[Source records]
****************

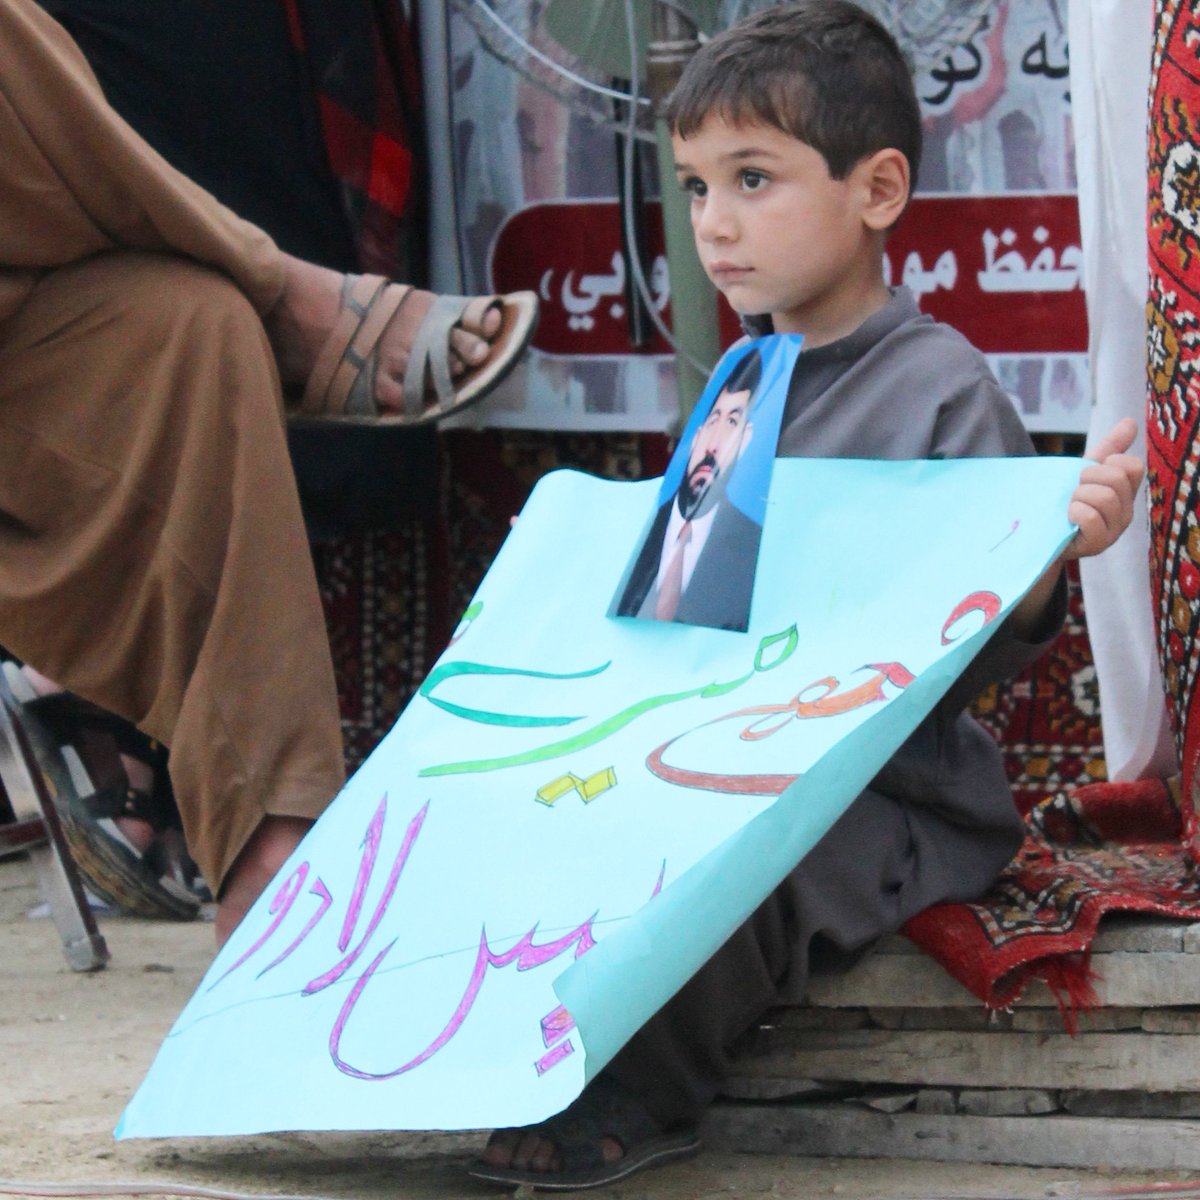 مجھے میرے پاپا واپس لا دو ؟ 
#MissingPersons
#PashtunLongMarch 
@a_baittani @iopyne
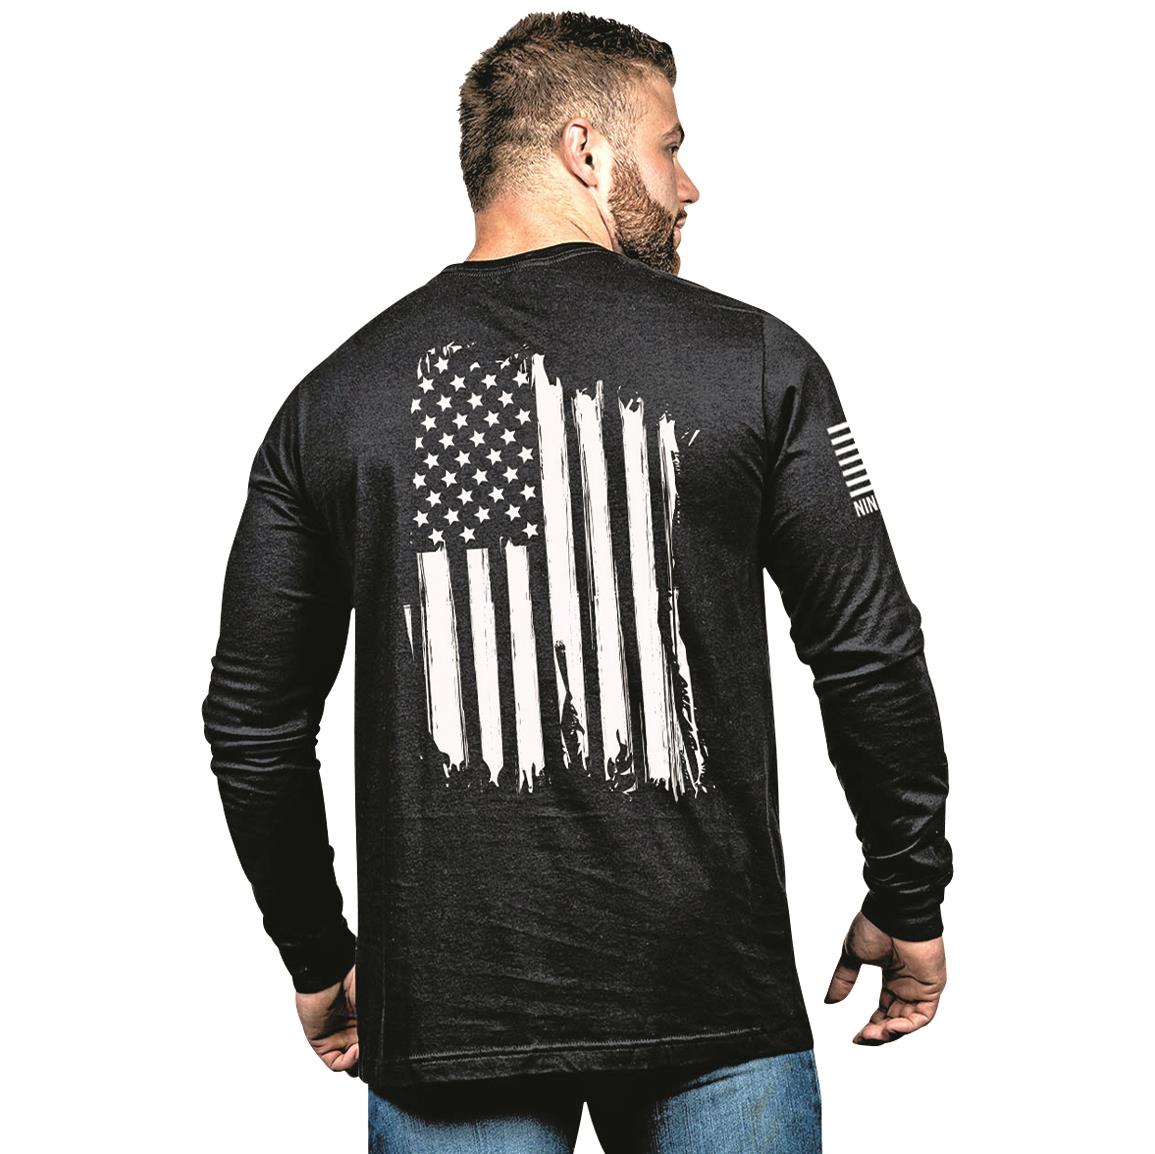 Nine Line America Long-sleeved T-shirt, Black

****************

[What to do] None of the pictures should appear, though every line of the data above must be reproduced exactly.

[Result for this exercise]
 مجھے میرے پاپا واپس لا دو ؟ 
#MissingPersons
#PashtunLongMarch 
@a_baittani @iopyne
 Nine Line America Long-sleeved T-shirt, Black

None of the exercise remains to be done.